→ **About this exercise**: Nothing but the lines from the one with "Coral Red (80XL043FRA)" through the end of the material should be retyped, word for word and without pictures.

→ **Data shown**:
-=-=-

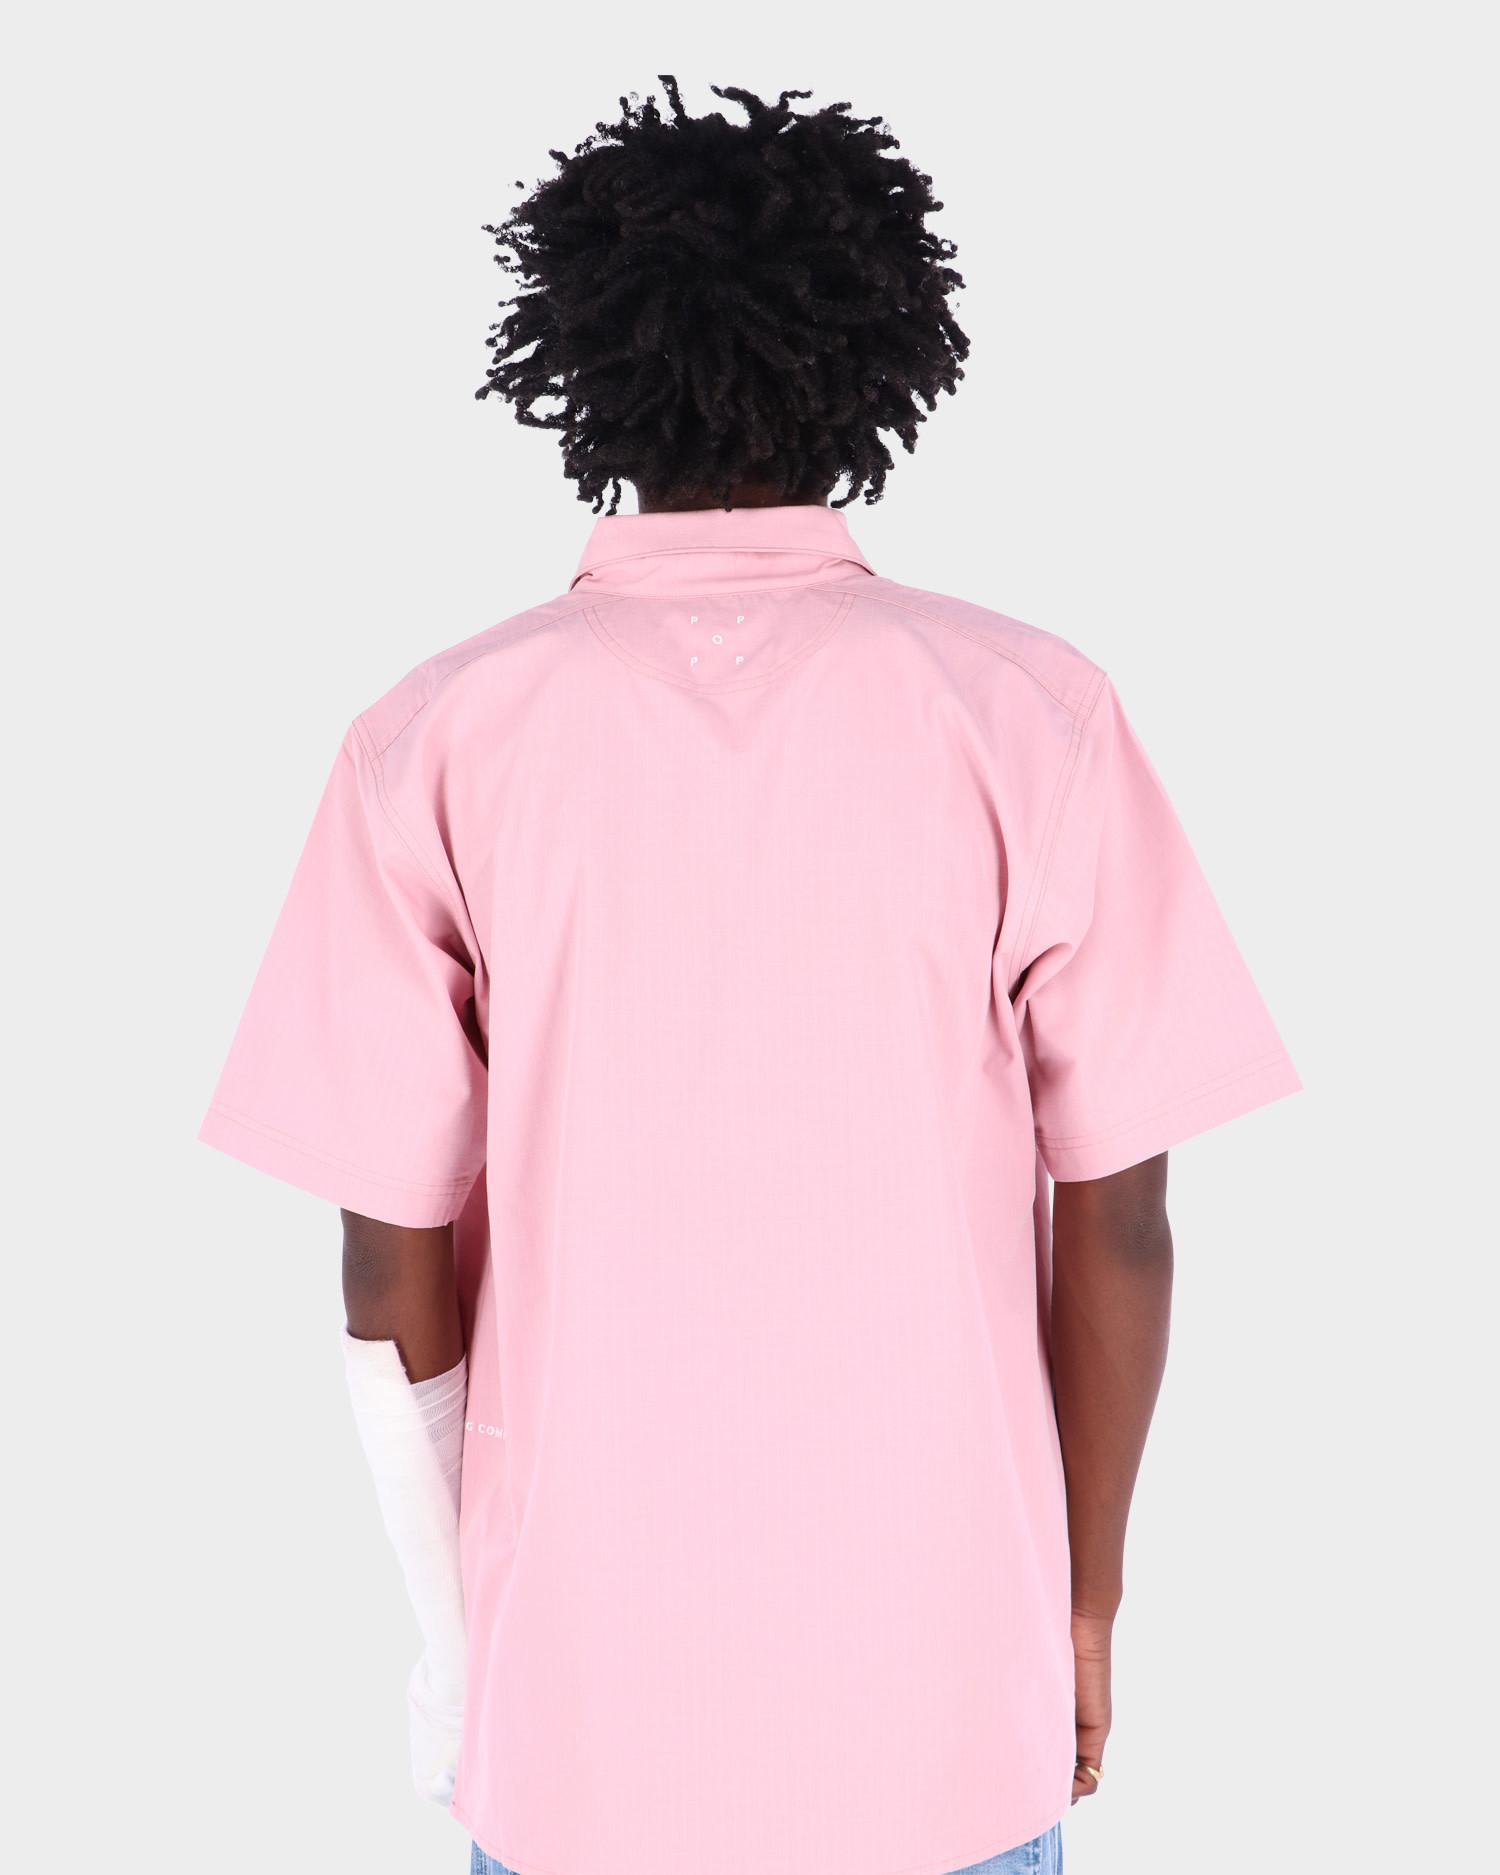 Pop Trading Co Italo Shortsleeve Shirt Zephyr
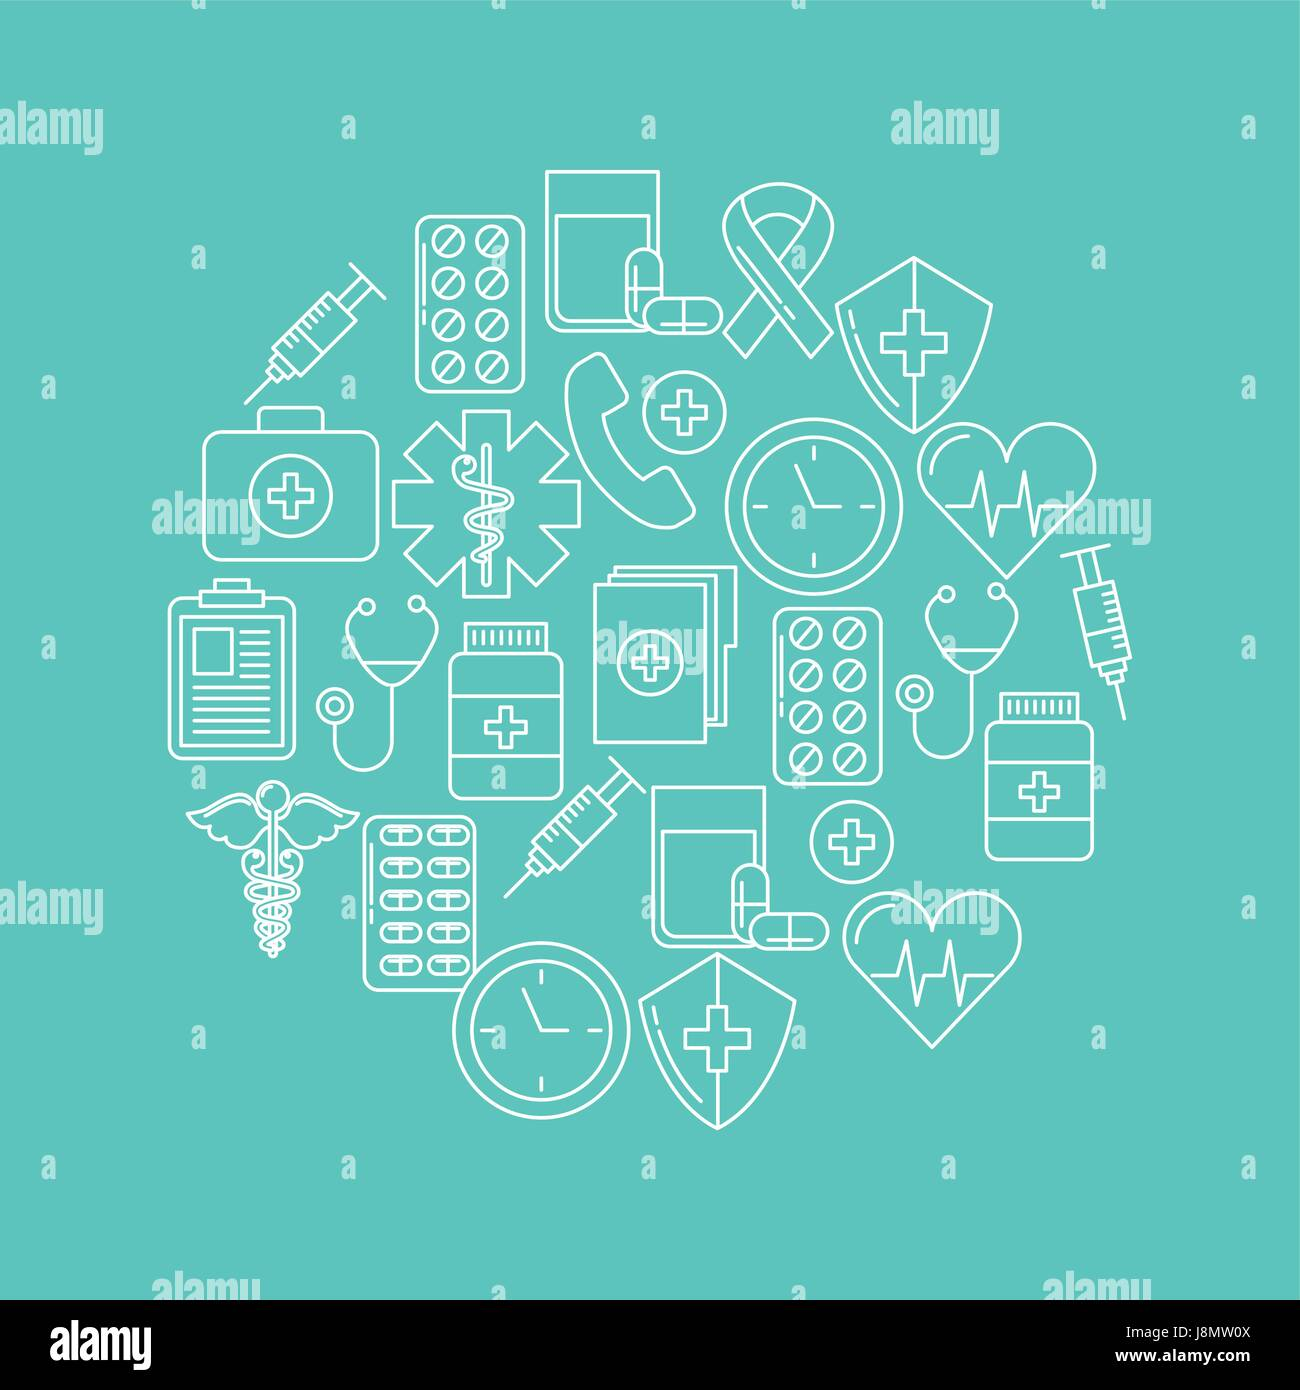 round icon health mind - Stock Image
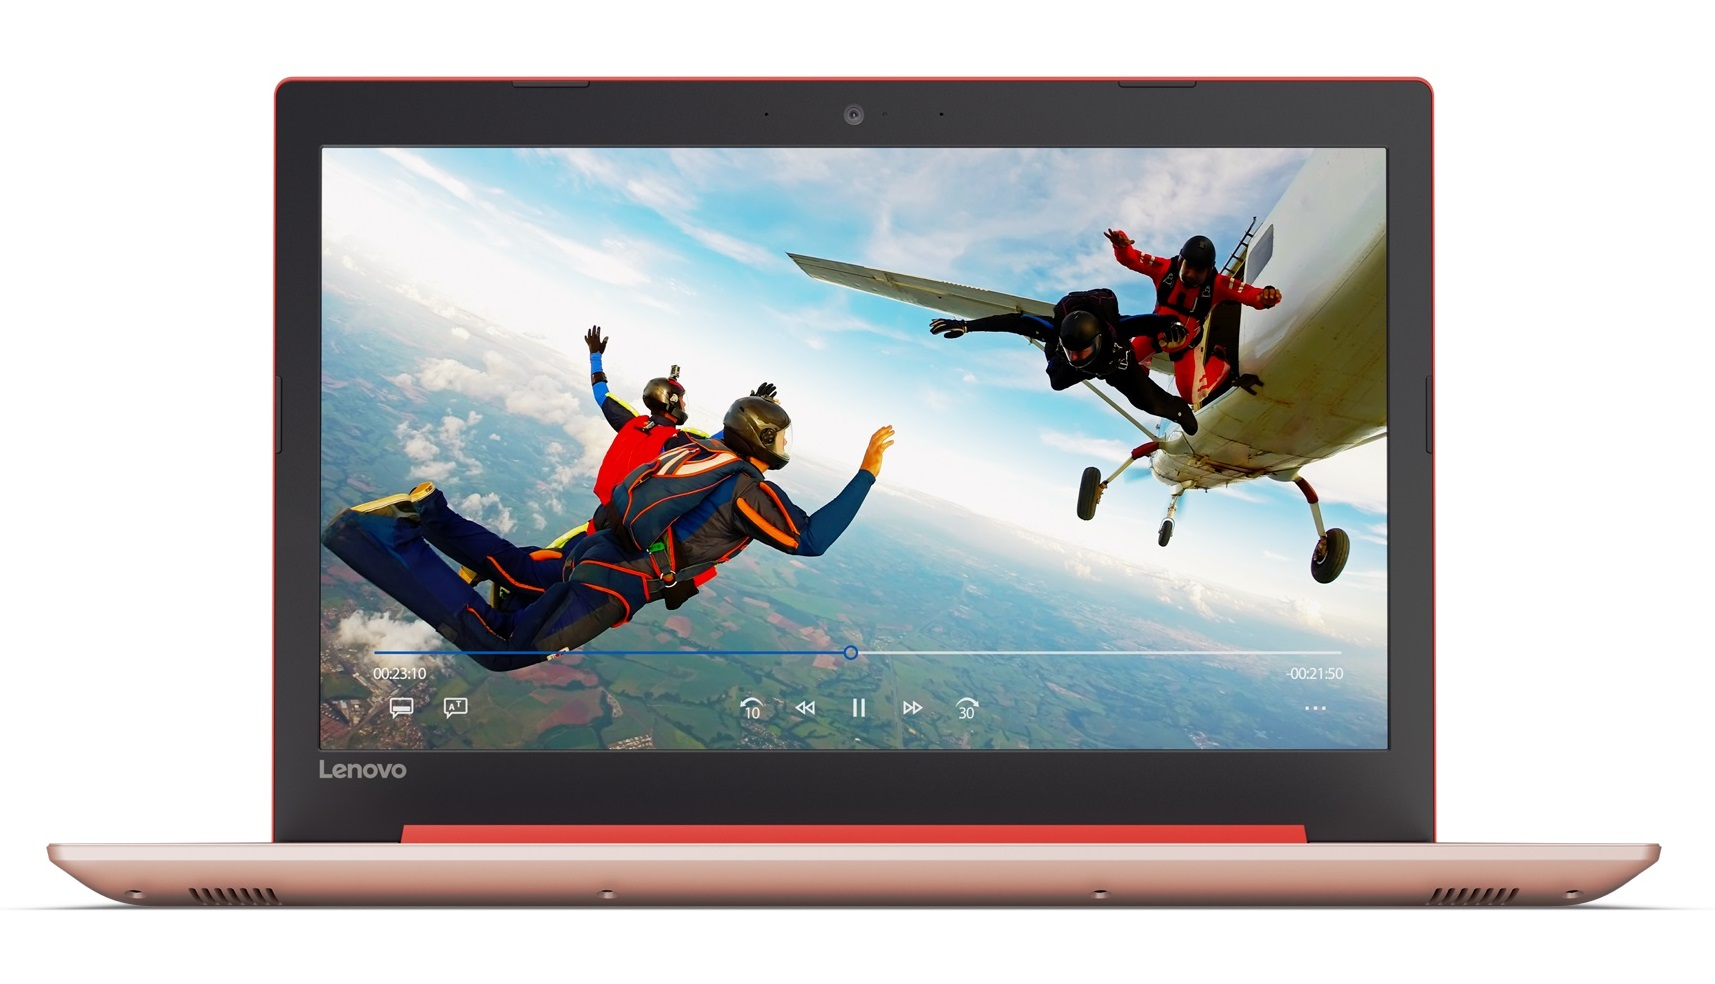 Фото  Ноутбук Lenovo ideapad 320-15IKB Coral Red (80XL043FRA)
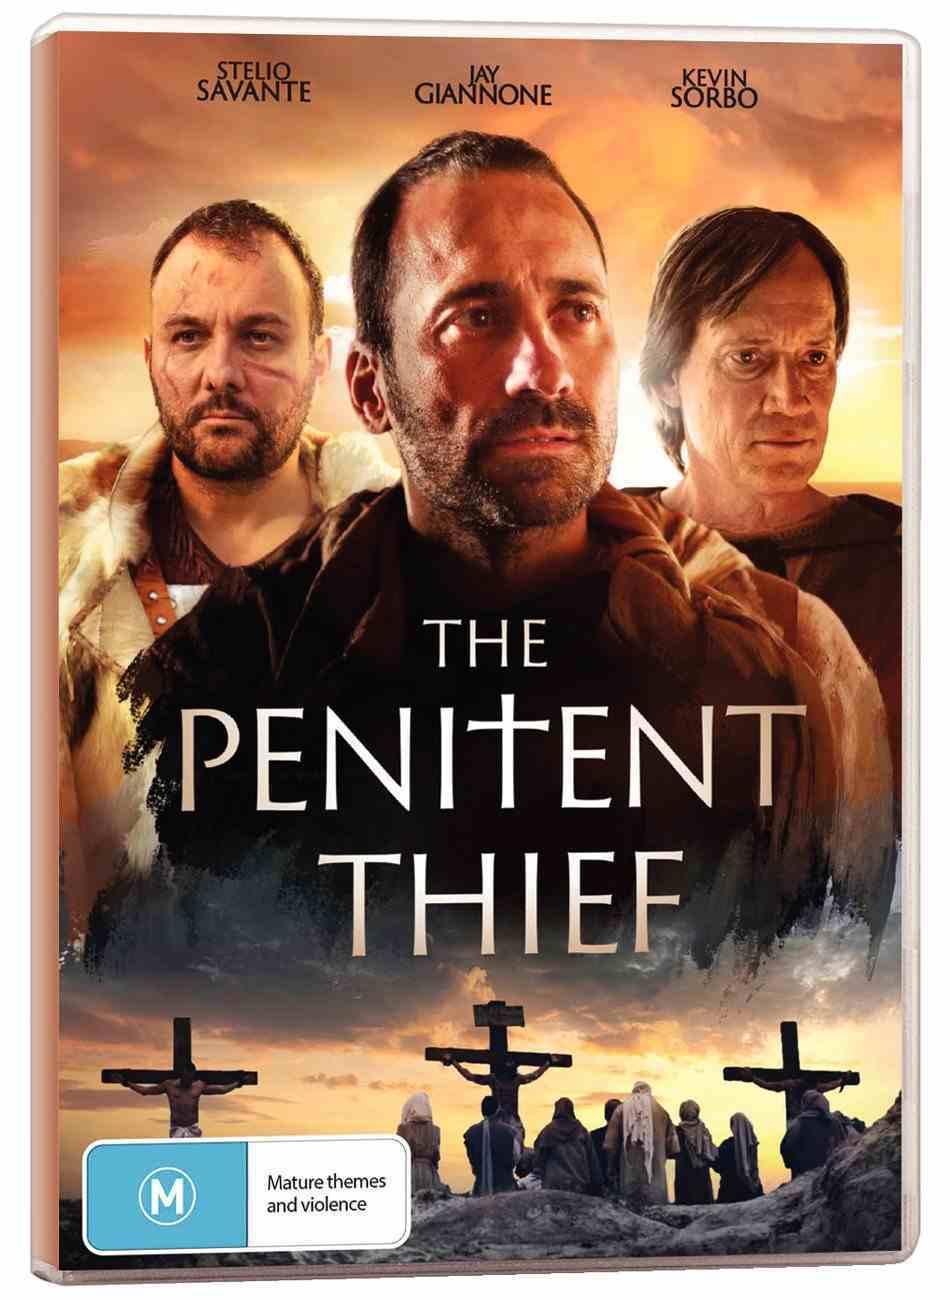 The Penitent Thief (2021 Movie) DVD

-=-=-

→ **Response area**:
 Фото  Ноутбук Lenovo ideapad 320-15IKB Coral Red (80XL043FRA)
 The Penitent Thief (2021 Movie) DVD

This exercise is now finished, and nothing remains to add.